На вкус они сладковатые, – какой-то придурок догадался добавить в дрянь аромотизатор, чтобы психи думали, что глотают конфетки. Ну, те, кто еще пока что-то ощущает. Запивать следует большим количеством воды. Через десять минут, после попадания внутрь, дрянь уже поступает в мозг, почки и печень. В другие органы тоже, но в меньших количествах. Меня интересует мозг. Практически мгновенная блокировка дофаминовых рецепторов. Другими словами, мозг частично отключается, мир воспринимается через мутную призму, тормозит. Агрессия, страх, нервозность действительно пропадают, но, увы, вместе с тем происходит нарушение способности мышления и моторных навыков. Превращение человека в овощ.
Зато нет никаких мыслей в голове. Нет, вру, есть одна. Словно тебе нужно сделать что-то важное, что-то срочное и жизненно необходимое, но ты забыл что именно. Ощущения, что мысль где-то рядом, что еще чуть-чуть, и ты поймаешь ее за хвост, поймаешь и поймешь, что тебе нужно сделать. Но бесполезно. Ты, подобно коту, прыгаешь на добычу, но маленькая серая сволочь каждый раз успевает выскользнуть из-под когтистых лап, как бы близко ты ни был, как бы тщательно не подкрадывался.
Я спустил таблетки в унитаз и лег на диван, более не имея желания спать рядом с ней. Наверное, я все больше превращаюсь в себя самого, раз начинаю испытывать подобную брезгливость.
Увиделись мы только на работе следующим днем. Она была в той же одежде, что и вчера, хотя я знаю, что она терпеть такого не может. Увидев меня, Аля опустила глаза, я тоже отвернулся. Больше в течение дня мы не общались.
Ужинали дома молча. Я не спрашивал, потому что не хотел знать подробностей, она не рассказывала, щадя мои чувства. Я написал свои изложения, взял подушку и пошел спать на диван. Свет в спальне горел еще некоторое время, потом она его погасила. И пришла ко мне.

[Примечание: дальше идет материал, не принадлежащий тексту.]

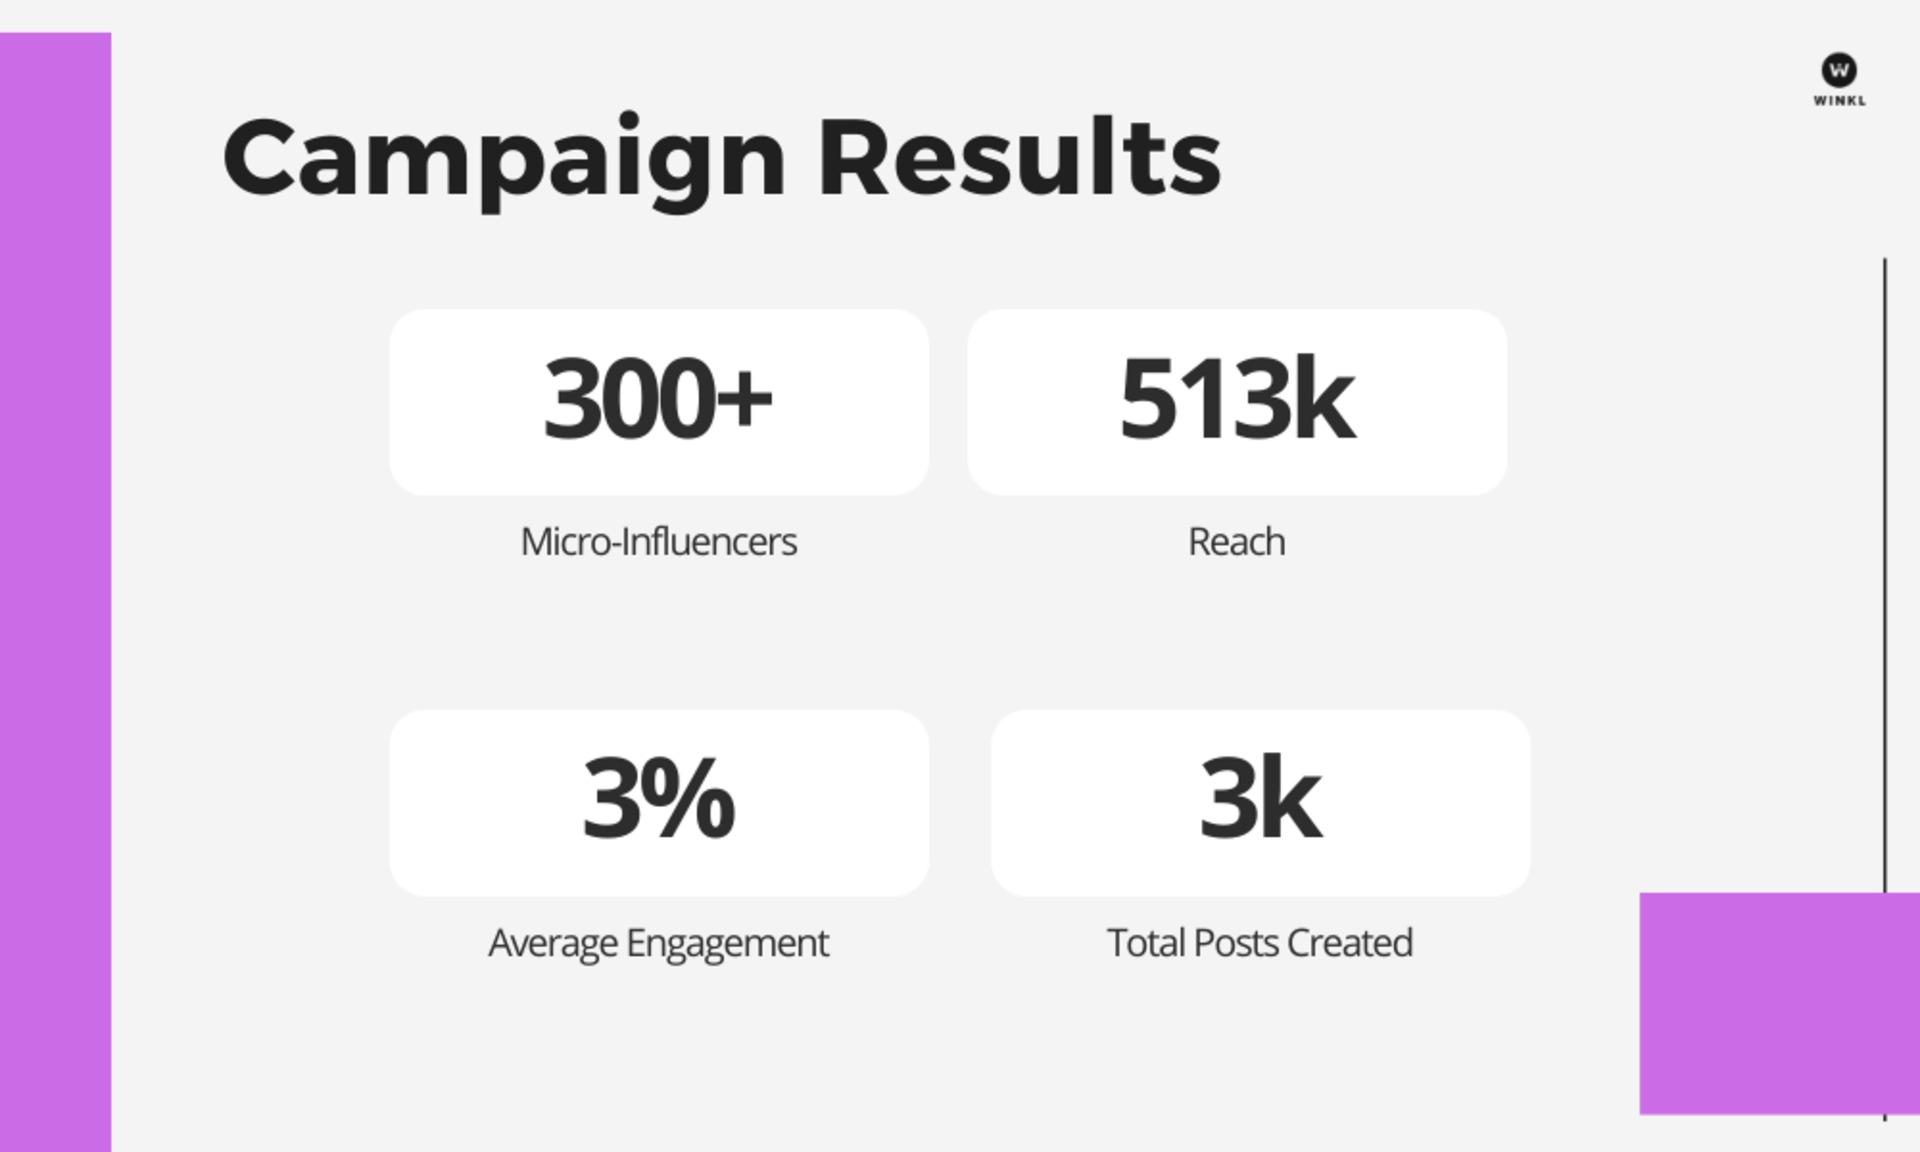 Winkl on Influencer Marketing - Copy of Go Study Case Study

Пару минут сидела рядом, наблюдала за тем, как я имитирую глубокий сон, с помощью медленного размеренного дыхания и расслабленного лица, прикрытых век, потом сказала:
– У меня с ним ничего не было. Мы попали в небольшую аварию и полночи сидели в ГИБДД, я не стала тебе писать, чтобы ты не переживал за меня.
Хорошо, что я шизофреник, иначе я бы испытал к себе отвращение, так как, услышав, что она попала в аварию, а не занималась сексом, почувствовал облегчение. Правда, на одно мгновение, потом резко сел. В коридоре горел свет, поэтому я мог видеть ее лицо, даже выражение глаз.
– Ты ударилась? Ты ездила в больницу? – выпалил я, хватая ее за скулы и вглядываясь в глаза.
– Да, да, ездила. Все в порядке, нас просто «догнали» и слегка подтолкнули…
– Голова не болит? Не кружится, не тошнит? Точно? – мне хотелось прощупать все ее тело, чтобы убедиться, что с ней действительно все в порядке.
– Тебе нужно было спросить, где я была, раз это так сильно тебя волнует, – сказала она, убирая за спину растрепанные по плечам пышные волосы.
– Мы же договорились, что никаких требований и никаких обид.
– Но ты обиделся.
– Это лично мое дело, не забивай голову.
– Мне приятно, что ты обиделся, – провела рукой по моей щеке, очень нежно улыбаясь, смотрела как будто с благодарностью. Кажется, я опять забываю моргать.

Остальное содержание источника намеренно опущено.